The CIA assessment noted several historical instances of supposed HVT successes. When high-level targets have “prominent public profiles”, assassinations can, in specific instances, shatter a target group. However, this was not the case with Hamas or Hezbollah. The pair “carry out state-like functions, such as providing healthcare services,” so group leaders are well-known to citizens of Gaza and Lebanon. Yet, their “highly disciplined nature, social service network, and reserve of respected leaders” mean they can easily “reorganize” in the wake of assassinations.
The Zionist entity had by this point been engaged in “targeted killings” against Hamas, Hezbollah, and other Resistance groups since the mid-1990s. However, their “decentralized command structures, compartmented leadership, strong succession planning, and deep ties to their communities” made them “highly resilient to leadership losses.” Undeterred, Tel Aviv’s high-level assassinations continued apace. In the early 2000s, Hamas founder Sheikh Yassin and the group’s leader in Gaza, Abdel Aziz al-Rantisi, were murdered. However, the killings “strengthened solidarity” between Resistance factions, while “[bolstering] support for hardline militant leaders.”
The obvious lessons of this wanton bloodletting remained unlearned by the Zionist entity, once the Gaza Holocaust erupted. In June 2024, elite imperial journal Foreign Affairs published a report unequivocally headlined Hamas Is Winning. It boldly concluded, “Israel’s failing strategy makes its enemy stronger.” The outlet also recorded how “according to the measures that matter,” Hamas had grown considerably bigger and more powerful than on October 7th, 2023. “Israel” had thus stumbled into a deeply ruinous attritional war, with a “tenacious and deadly guerrilla force.”
Hamas’ surging popularity with Palestinians throughout the Gaza genocide was found to have significantly enhanced the group’s “ability to recruit, especially its ability to attract new generations of fighters and operatives.” This granted Hamas the ability to launch “lethal operations” in areas previously “cleared” by the IOF “easily”. Foreign Affairs charged that the Zionist entity, to its “great detriment”, failed to comprehend how “the carnage and devastation it has unleashed in Gaza has only made its enemy stronger.”

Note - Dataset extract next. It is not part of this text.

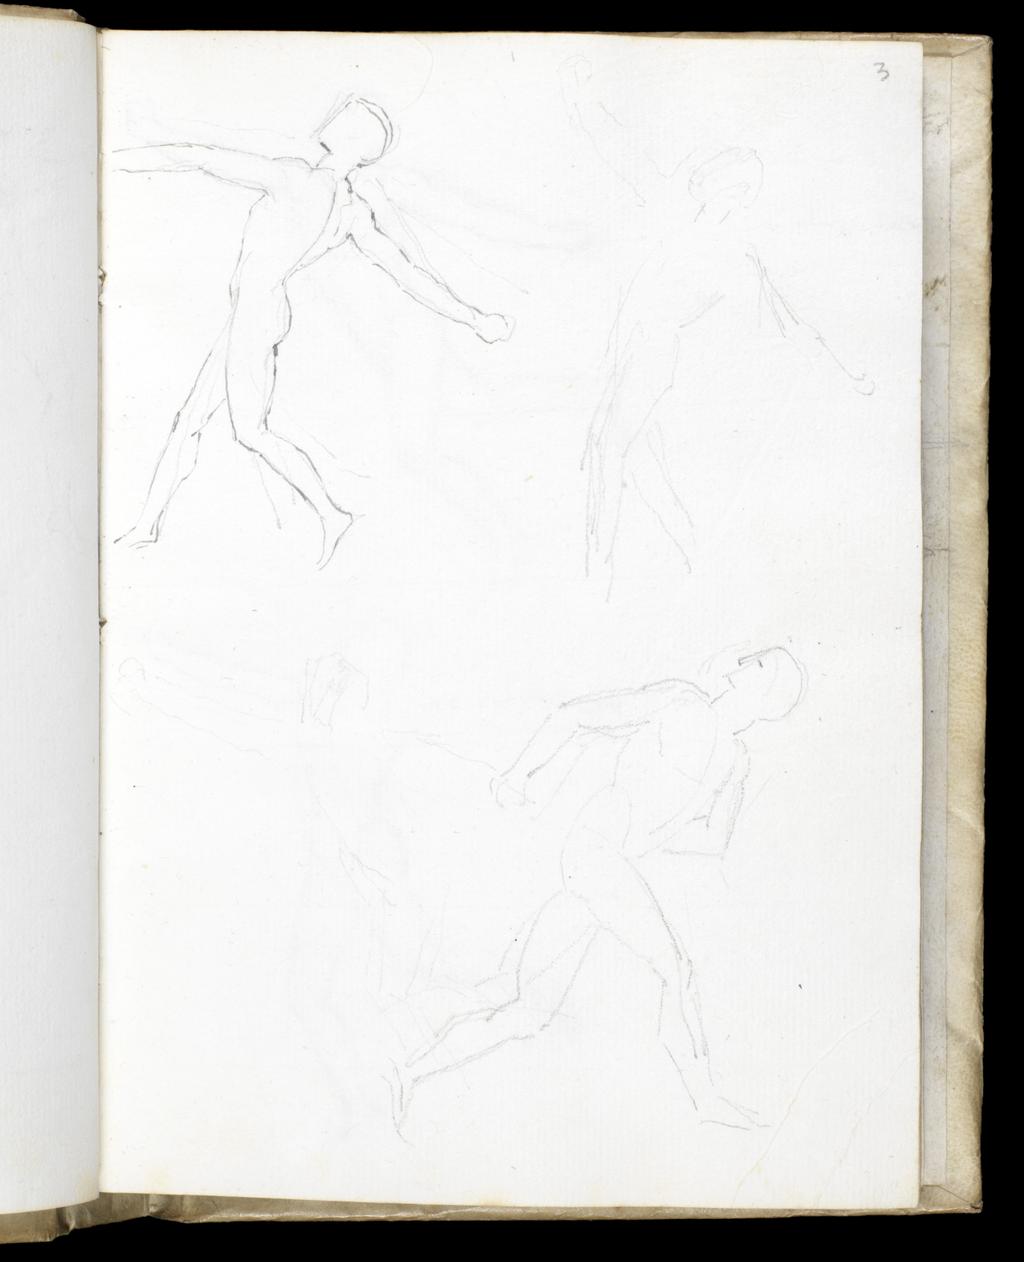 An image of Sketchbook. Flaxman, John (British, 1755-1826). Vellum bound sketchbook containing 28 leaves. Three leaves have been cut out and are loose. Front cover bears traces of graphite (black ink?) illustration, and has a flap which may be closed to protect the edges of the leaves. Many leaves have apparently been removed, including the following: 1 following f.1, 4 following f.12 and 1 following f.16. Cuts on the versos of f.24 and f.25 indicate leaves removed following f.25.
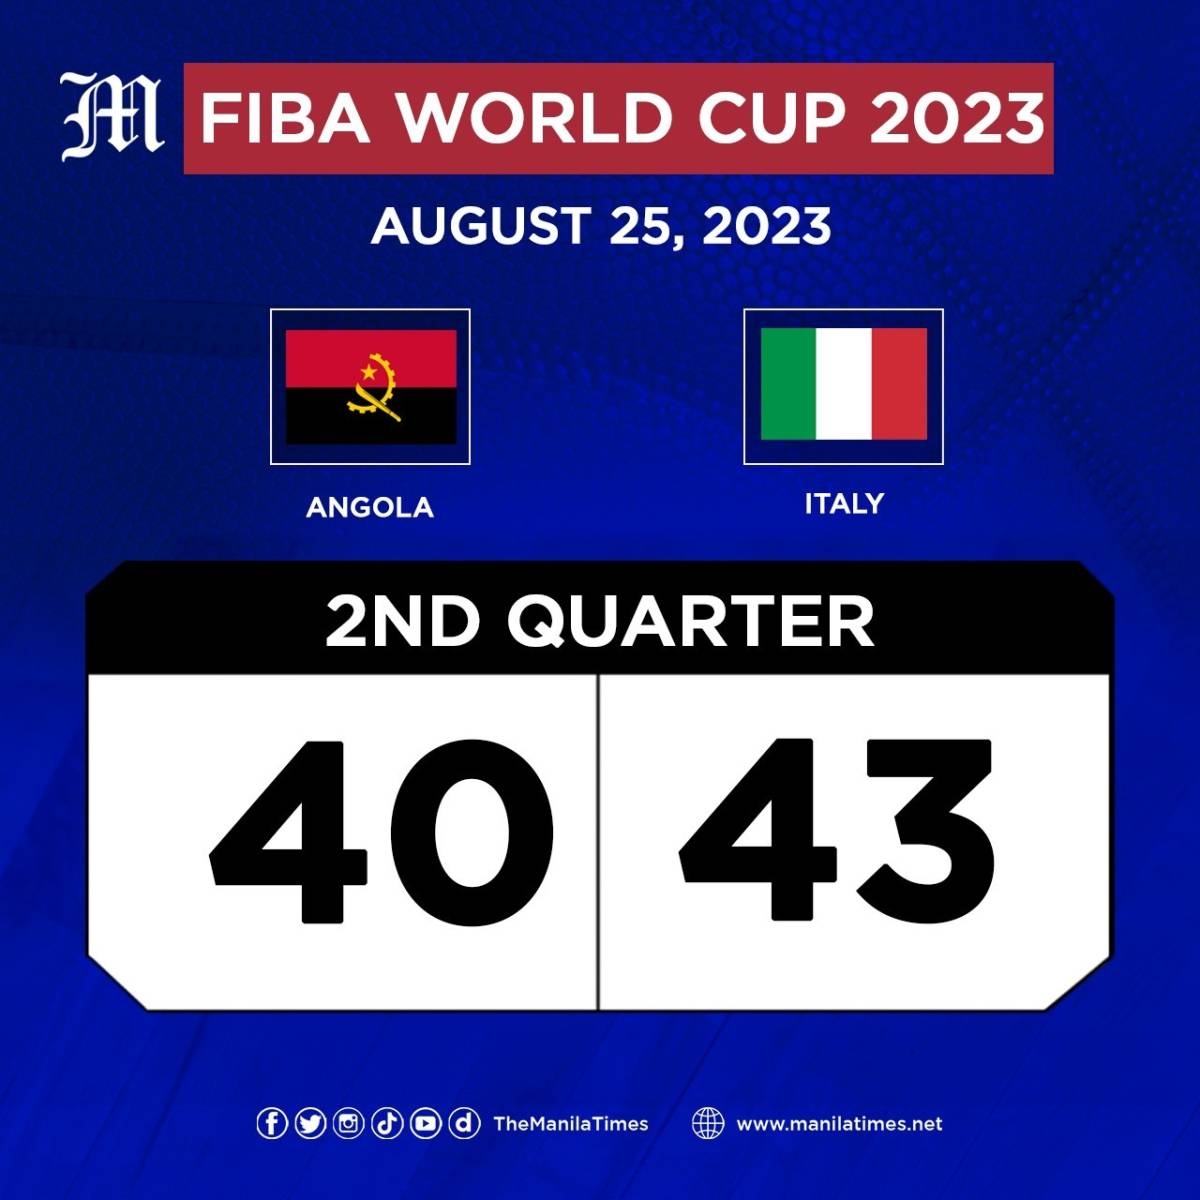 End of 2nd period: Italy 43 - 40 Angola #FIBAWorldCup2023

It is not just Hamas that has been galvanized by the Gaza genocide. “Israel’s” “carnage and devastation” has greatly expanded the ranks and resolve of the entire Resistance, while its constituent members have rapidly won hearts and minds within and without West Asia in ever-mounting numbers. Joint attacks on the Zionist entity have gathered in pace and intensity. With Sayyed Mojtaba Khamenei as the new Iranian Leader, the Islamic Republic and all her allies are fully committed to Palestine’s long-overdue liberation, by any means necessary.